Continuous data can sometimes be made categorical as well. For example, height is a continuous variable, but for convenience in a research study we might want to classify people as "short", "medium", or "tall" rather than their precise hieght in centimetres. In research with children, participants are often categorized into groups such as grades 1-2, grades 3-4, grades 5-6, instead of treating grade (or age) as a continuous variable. This process of turning continuous data into categorical is called **discretizing** (making discrete). It can be useful if the data you collect aren't as continuous as the possible range of values (e.g., children's academic knwledge and abilities are typically more related to their grade level than their chronological age), or for ease of generalization.


## Plotting Continuous and Categorical Data

Recognizing which variables are continuous or categorical is important, because in many cases you need to plot them differently. Continuous data lend themselves to things like continuous lines (e.g., regression lines) and scatterplots. In contrast, plotting categorical data typically involves different plot "objects" for each category, such as difeerent bars in a bar graph, or different lines in a line plot.

## Nested Data

Nested data occur when some measurements are "nested" or isolated inside other variables. This is very common in cognitive and neuroscience research, where we take many measurements from each individual participant (e.g., lots of experimental trials, recording from multiple electrodes). Nested data can be continuous or categorical, but the variable that they are nested inside is almost always categorical (e.g., individual people or animals).

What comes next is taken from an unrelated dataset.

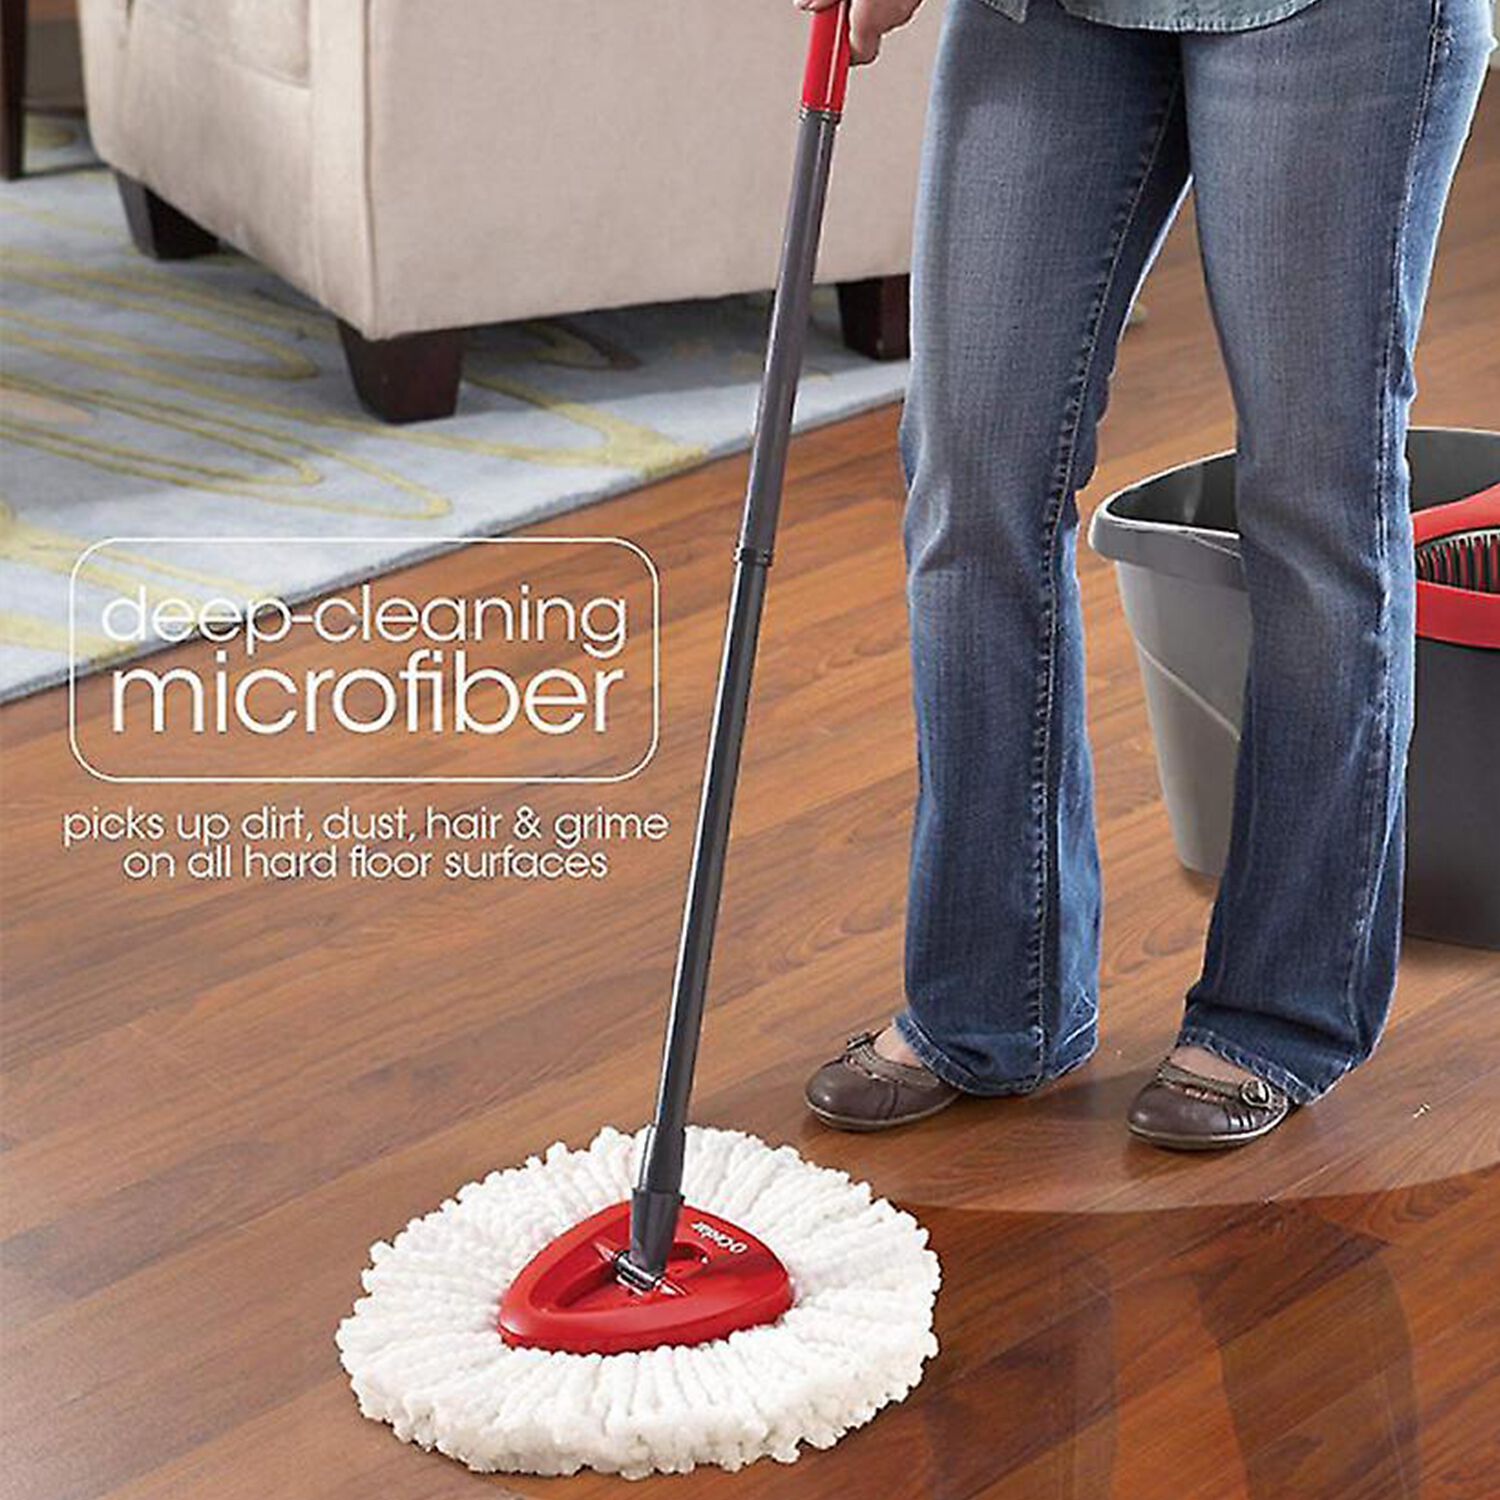 Vileda Spin and Clean Floor Mop and Bucket Set, Brand New Boxed Fast  Delivery

In educational research, data may be collected from children in different schools; in this case data may be nested within each child, but children are in turn nested inside schools. 

Recognizing nested data is important because, typically, there is less variability within an individual (or other nesting category) than between individuals (or other categories). As we will shortly learn, in exporatory data analysis (EDA), as well as in statistics, measures of variability are an important way that we make inferences about the data. 

For example, say we run a reaction time experiment with 100 trials, and 10 participants. We thus have 100 x 10 = 1000 data points. The variability is likely lower within an individula than between – one participant may be on average 150 ms faster than another, but each individual may only show a variation of +/- 25 ms in their personal average reaction times. In this case, if we compute the averate over all 1000 trials, without considering nesting structure, our measure of the average variance across the 1000 trials will be very low, because each individual contributes so many (similar) trials. But if we first averate across the 100 trials for each participant, then compute the variability between these averages, we will most likely see higher variance, which reflects the true person-to-person variation.